Mary Traill Spence Lowell Putnam (December 3, 1810 – June 1, 1898) was an American author.

==Life==
Mary Traill Spence Lowell was the daughter of the Unitarian minister Charles Lowell, and the sister of James Russell Lowell and Robert Traill Spence Lowell. She had an aptitude for acquiring languages: she was eventually fluent in French, Italian, German, Polish, Swedish and Hungarian, and familiar with many other languages. She married Samuel R. Putnam in 1832 and later traveled abroad for several years.

Putnam's literary work was confined to magazine writing until 1844, when she translated from the Swedish Fredrika Bremer's The Handmaid. (Note: Mary Howitt had done an earlier English translation in 1842 from a German version.) She contributed to the North American Review articles on Polish and Hungarian literature (1848–1850), and to the Christian Examiner on the history of Hungary (1850–1851).

In 1850 she anonymously published a History of the Constitution of Hungary in Its Relations to Austria.
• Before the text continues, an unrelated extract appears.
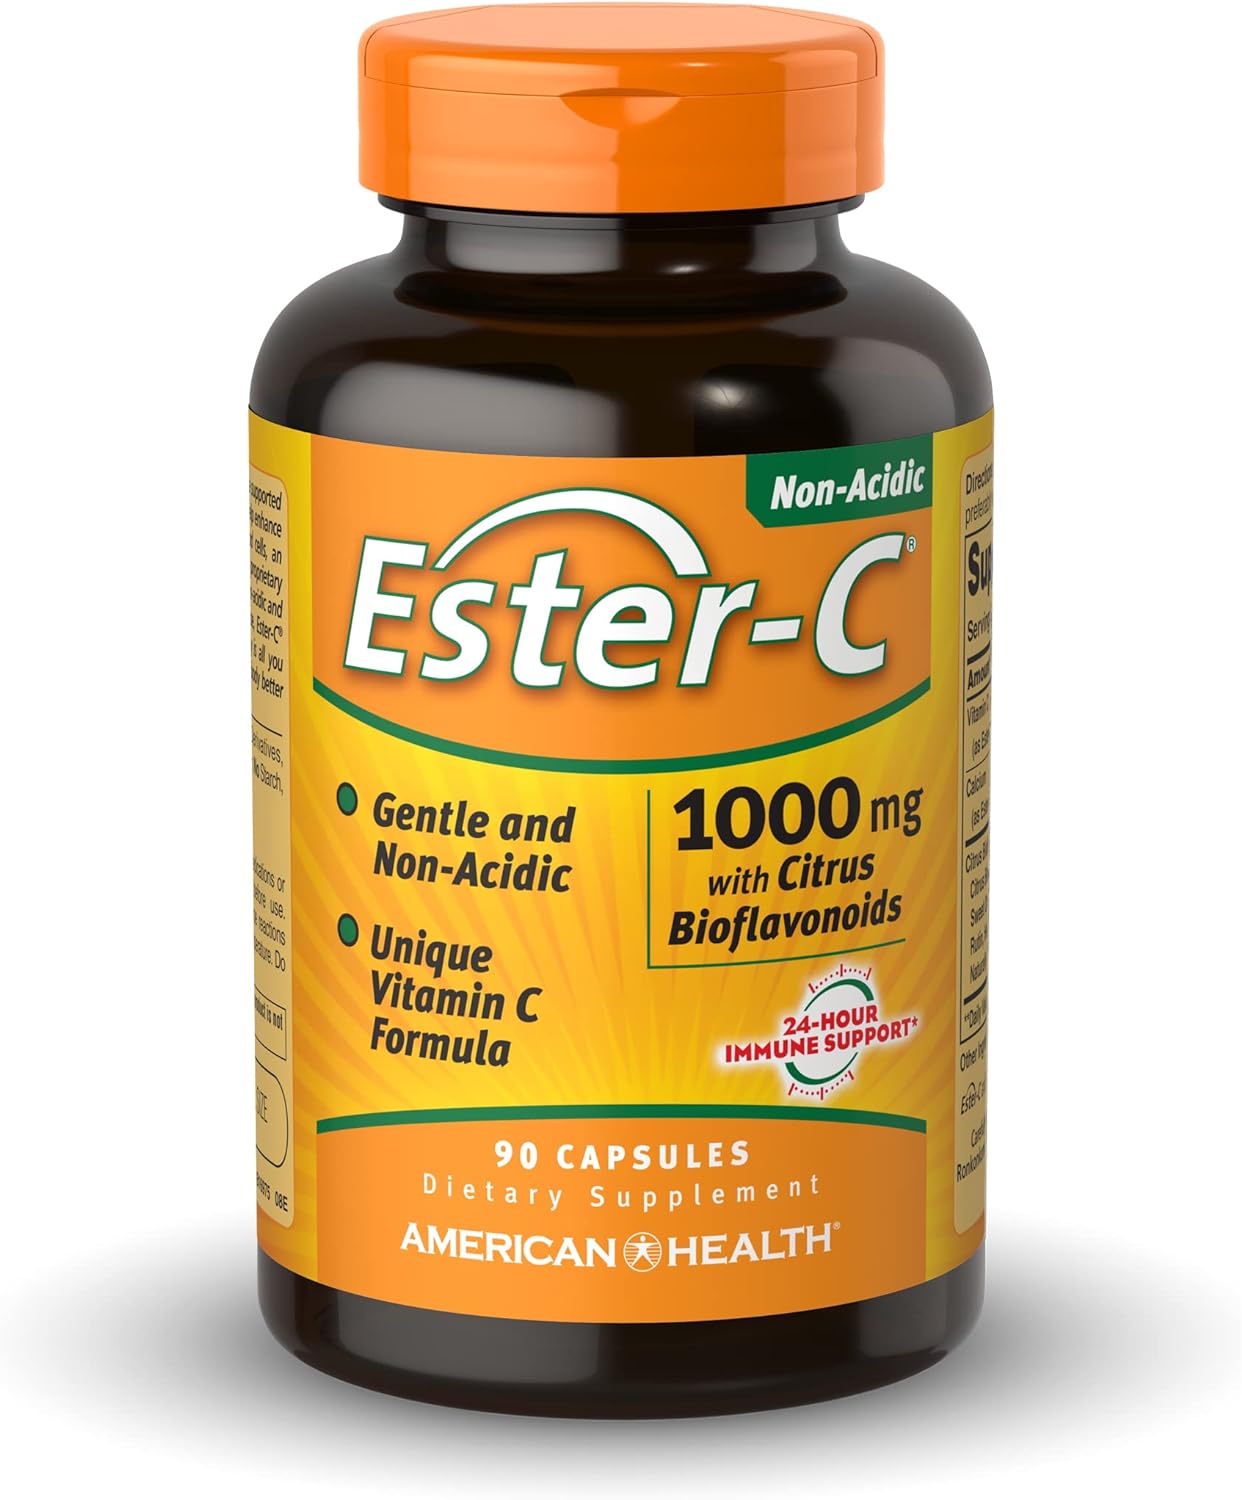 American Health - Ester-C with Citrus Bioflavonoids - 1000 mg. 90 Caps

Her name became widely known when she became involved in a controversy with Francis Bowen, editor of the North American Review, regarding the war in Hungary. Bowen attacked the Hungarian revolutionists, whom she upheld.

From 1851 to 1857 Putnam lived in France and Germany, improving her language skills. Returning to the United States, she became a prominent abolitionist writer, and wrote two dramas on slavery.

==Works==
- History of the Constitution of Hungary, published the year before the 1851 visit of Louis Kossuth to the United States (1850)
- Record of an Obscure Man, a novel, published anonymously (1861)
- The Tragedy of Errors and The Tragedy of Success, a dramatic poem in two parts on slavery in the southern United States (1862)
- Memoir of William Lowell Putnam, on her son (1840-1861), who died at Ball's Bluff in the Civil War (1862)
- Fifteen Days (1866)
- Memoir of Charles Lowell, her father (1885)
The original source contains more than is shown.